Edit: And thanks for your feedback about the separate deployments. This is a feature we're thinking about adding to cf-deployment.

krishicks commented 7 years ago

I have only skimmed this thread.

But, in response to @dsabeti above, that exact problem has been solved via Customer[0] for PCF customers with the pg2mysql tool that I wrote.

We have documentation on how to run it (which means going through steps to do just what @dsabeti mentioned), though it's not something that's meant to be run by just anyone (usually a Customer[0] person is supervising, and a dedicated support engineer for the customer as well).

Our instructions are also targeted at PCF, not open source CF, though there's nothing stopping someone from doing the same migration on open source CF with pg2mysql. As long as you've got the databases migrated and can supply the credentials and addresses to the mysql/postgres instances, pg2mysql will do what you need.
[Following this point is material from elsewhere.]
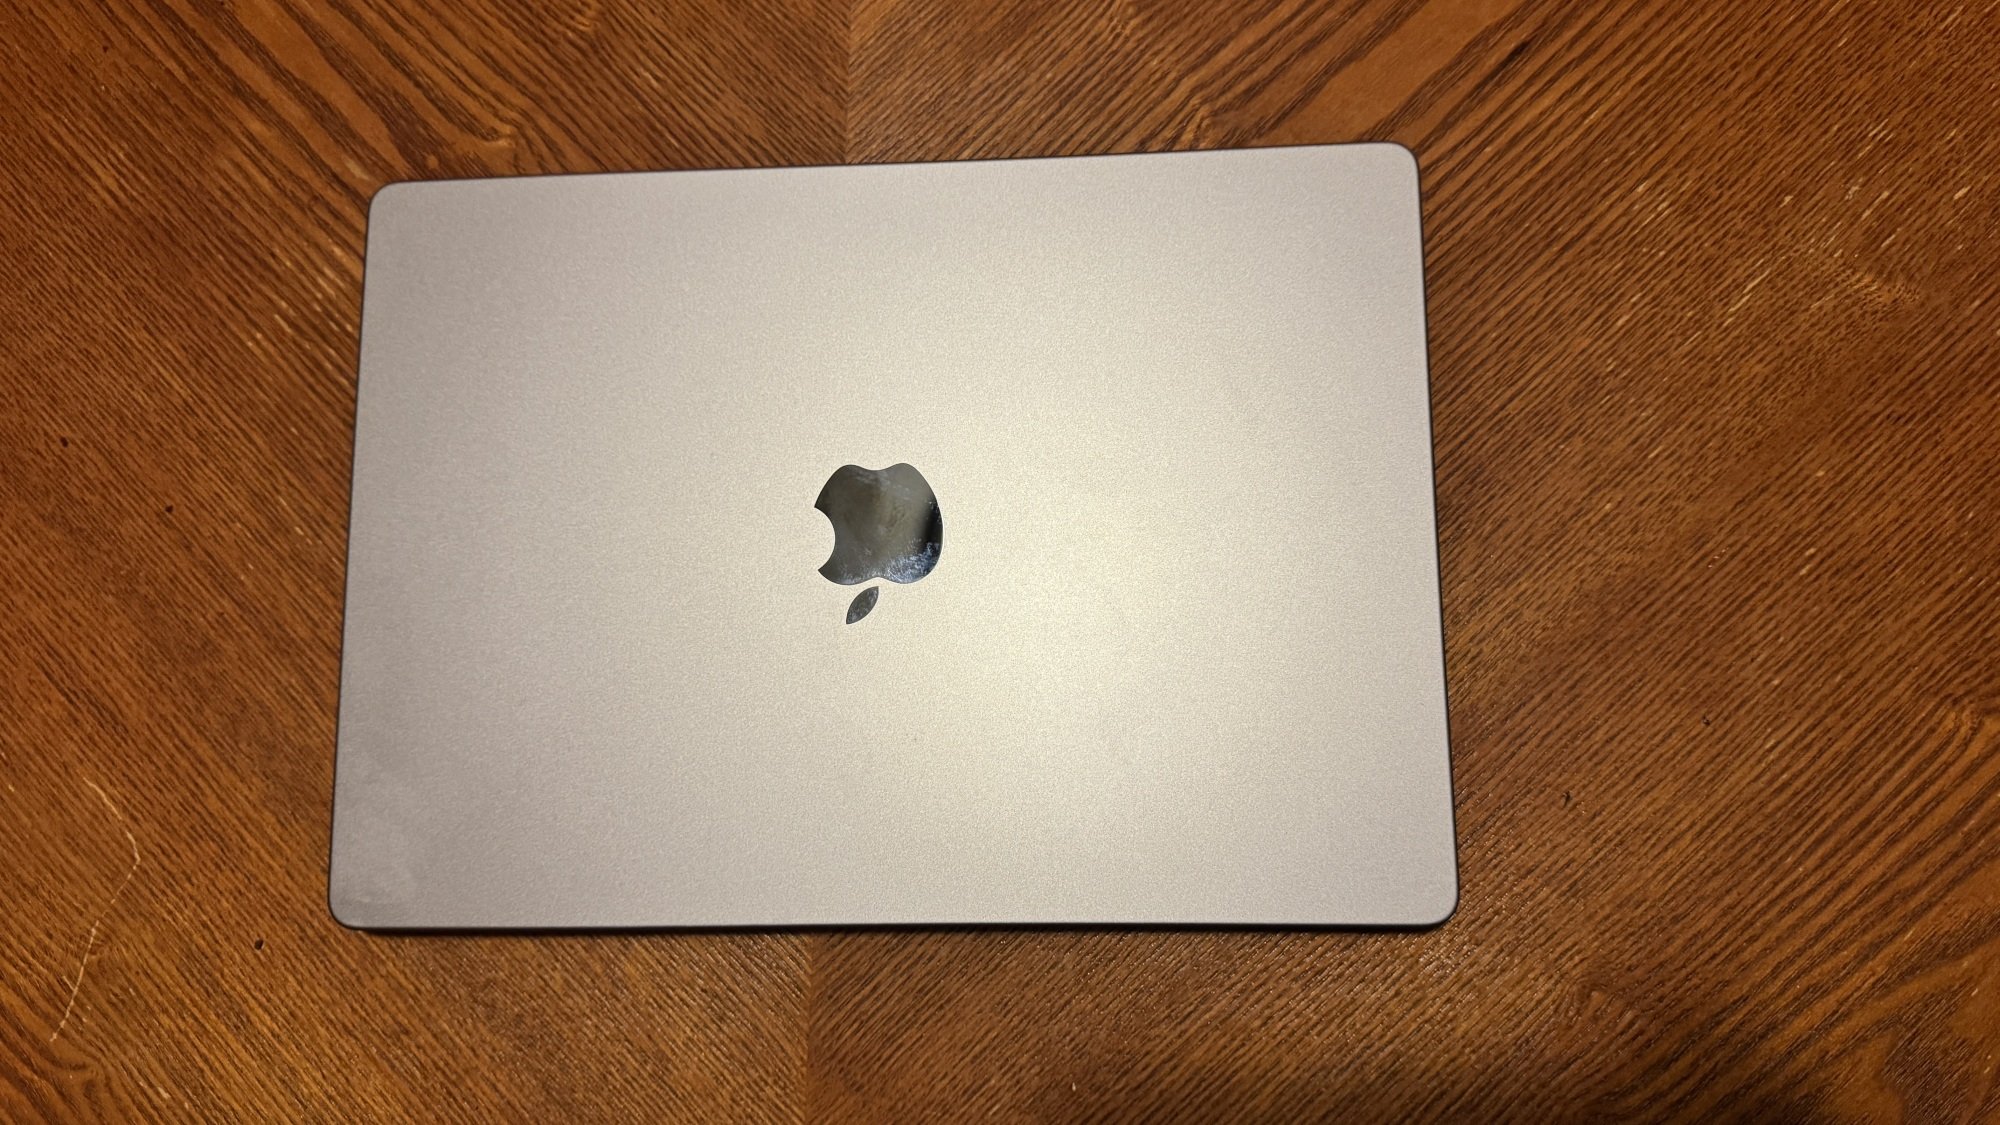 M3 14-inch MacBook Pro lid

The only real difference is in PCF you have to grab credentials that were generated from the OpsMgr UI, and in open source CF you get them either from your manifest or from CredHub/the BOSH creds file.
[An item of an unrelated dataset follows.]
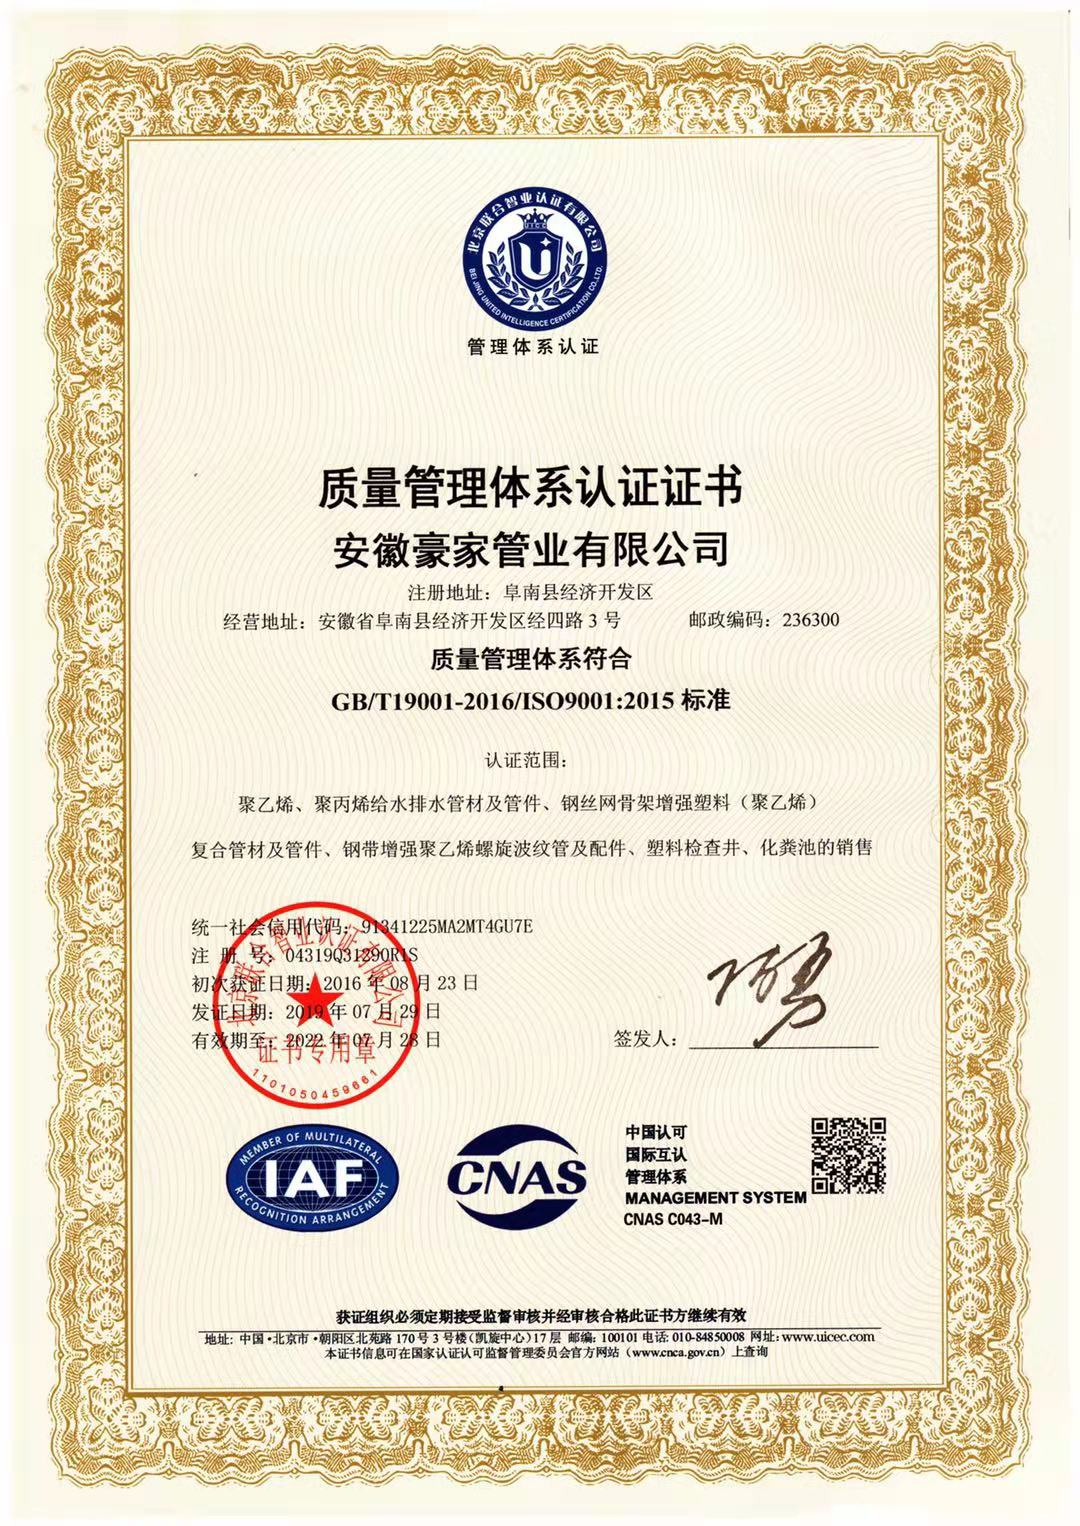 
荣获《质量管理体系认证证书》

jriguera commented 7 years ago

I forgot to say something about SQL databases. Currently we also have PostgreSQL, we can mitigate downtime because of using a different deployment (it is from the same cf-release as cf-deployment) so in order to try to get rid of the downtime (and risks of having single instance postgresql) we are exploring 2 directions:

  1. Keep using Posgresql, but with a HA solution. I have been doing some experiments with stolon and it looks really nice, so I have decided to build a boshrelease for it. Almost done but is still not finished.

  2. Switch to MySQL. It seems it is possible (but we need to test it properly) have a look at this link: http://www.starkandwayne.com/blog/migrating-cloud-foundry-from-pg-to-mysql-a-report/

krishicks commented 7 years ago

I would strongly advise against following Stark and Wayne's migration methodology.

It's far better to use the approach we've done with pg2mysql, which is to use the existing code to migrate the empty databases in MySQL; for CC this means running a rake db:migrate with a custom config pointing at MySQL and for UAA it means spinning up a duplicate UAA instance in the environment, also pointing at MySQL. Both databases end up with their final schemas, and then pg2mysql is used just to copy the data from PG to MySQL with the native Golang drivers.

jriguera commented 7 years ago

I completely agree with you @krishicks about using pg2mysql, I've just point to the link because it seems it is possible (ofc not trivial).

wbean1 commented 7 years ago

Chiming in to say we also use the Postgres & WebDAV in cf-release in our cloudfoundry, as some control-plane outage during deployments is acceptable to us. We do not use the HAProxy jobs as we have other means for loadbalancing the routers. We deploy to openstack IaaS.

+1 for some migration thought/process-verbiage for those of us using cf-release postgres db & webdav blobstore jobs.

dsabeti commented 7 years ago

Thanks for chiming in @wbean1. I've written a small epic to cover what are think are the main needs for operators on vSphere and Openstack: https://www.pivotaltracker.com/story/show/150906529

Let me know if that epic is missing anything you'd need.

dsabeti commented 6 years ago

Hi all. It's been some time since we passed the milestone I mentioned earlier. The migration for cf-release to cf-deployment on vSphere environments is functional and supported. I'm going to close this issue, but feel free to re-open if you're finding any other issues with this process.